# WORK INSTRUCTION
Note on the material below: return exactly the lines from the line that holds "add_a_payment_to_pay_outstanding_balance_on_account.png" through the line that holds "ABBA Angeleyes (from", and leave out each picture.
BEGIN THE DATA
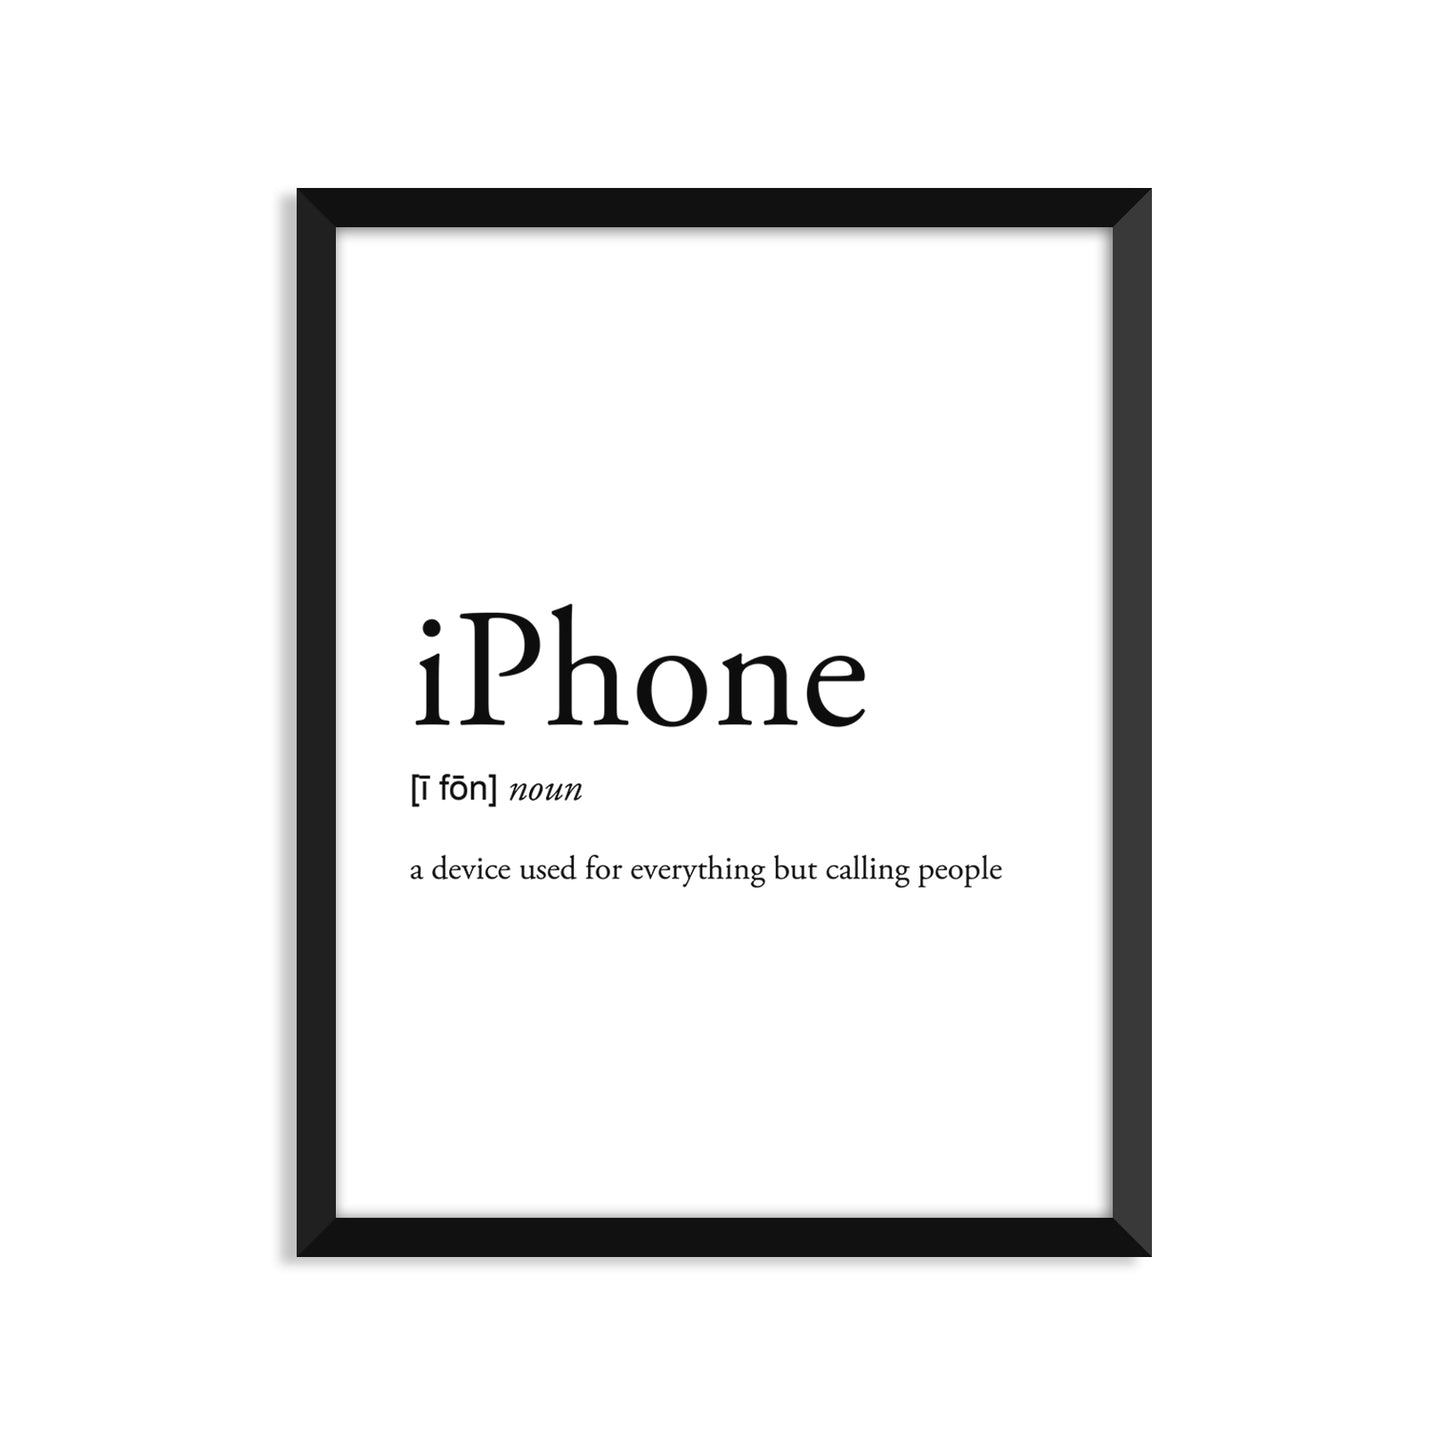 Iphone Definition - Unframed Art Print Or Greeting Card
END THE DATA
BEGIN THE DATA
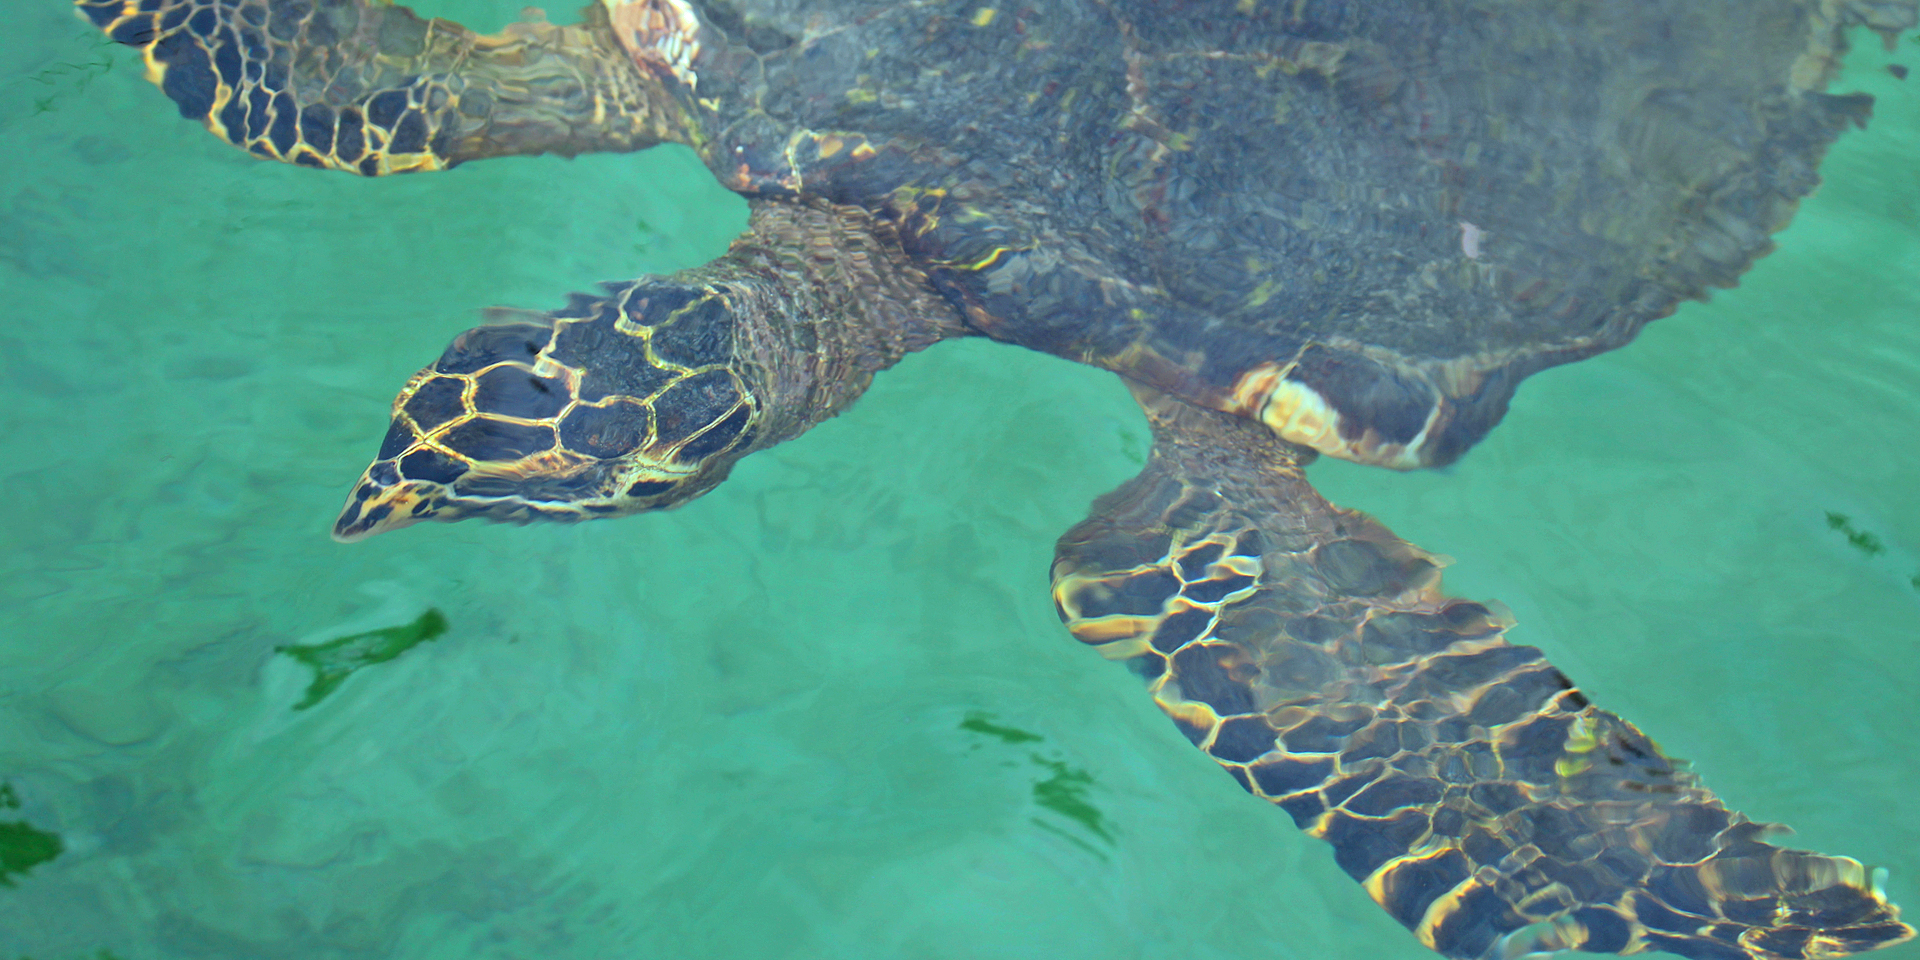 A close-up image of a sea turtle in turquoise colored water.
END THE DATA
BEGIN THE DATA
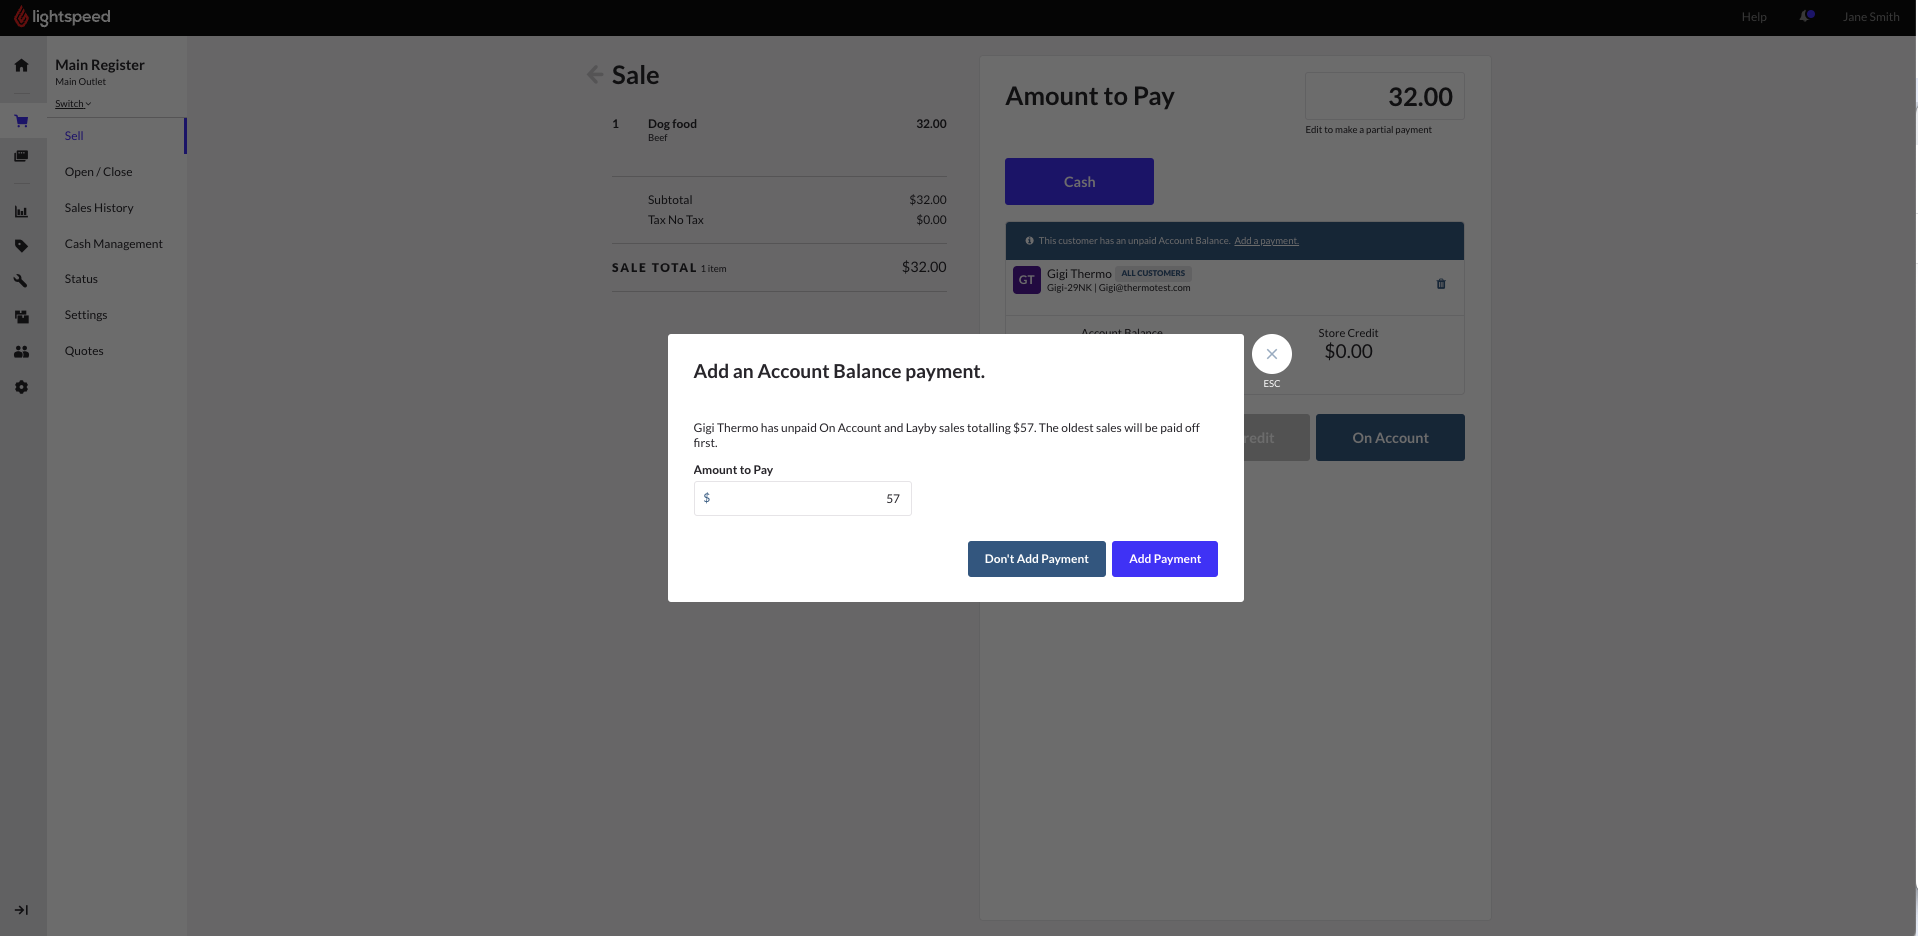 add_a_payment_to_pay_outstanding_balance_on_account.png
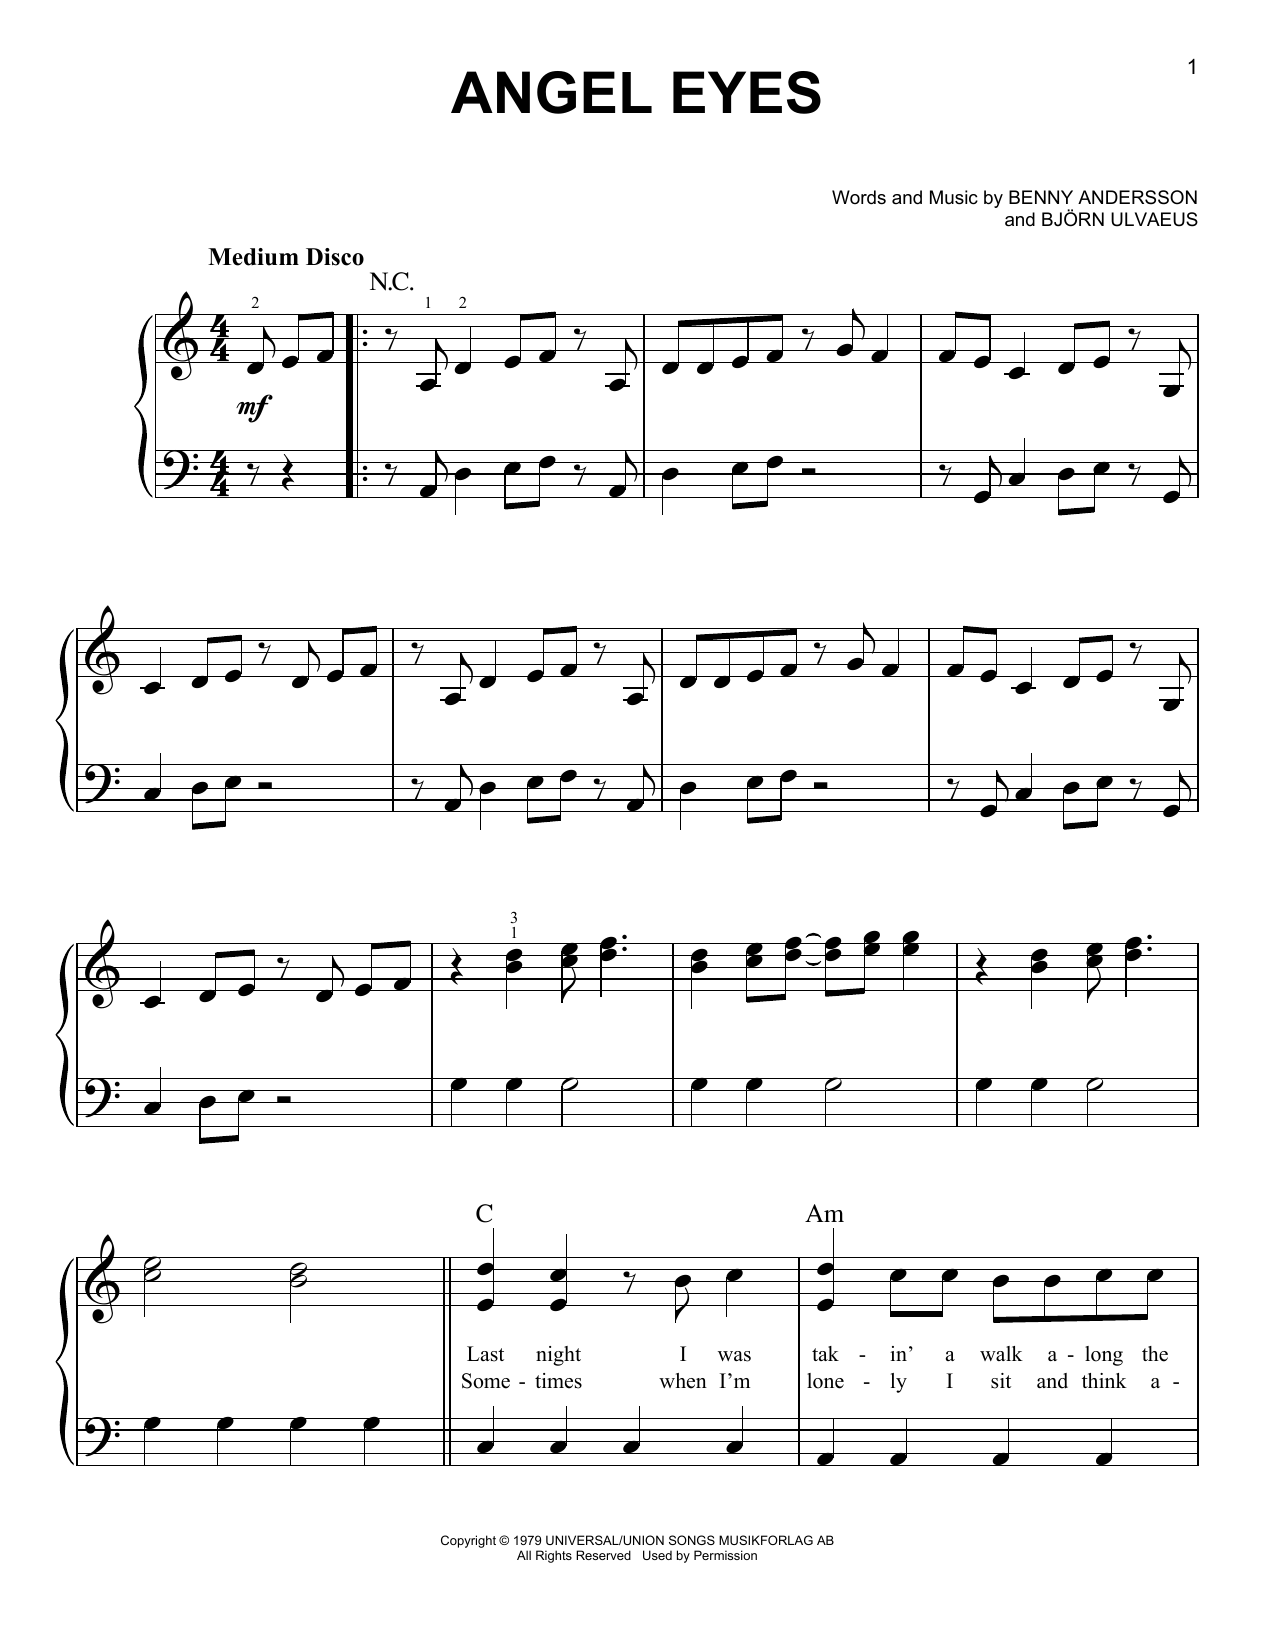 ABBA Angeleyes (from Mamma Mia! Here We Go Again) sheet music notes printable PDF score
END THE DATA
# ANSWER TO THIS EXERCISE
 add_a_payment_to_pay_outstanding_balance_on_account.png
 ABBA Angeleyes (from Mamma Mia! Here We Go Again) sheet music notes printable PDF score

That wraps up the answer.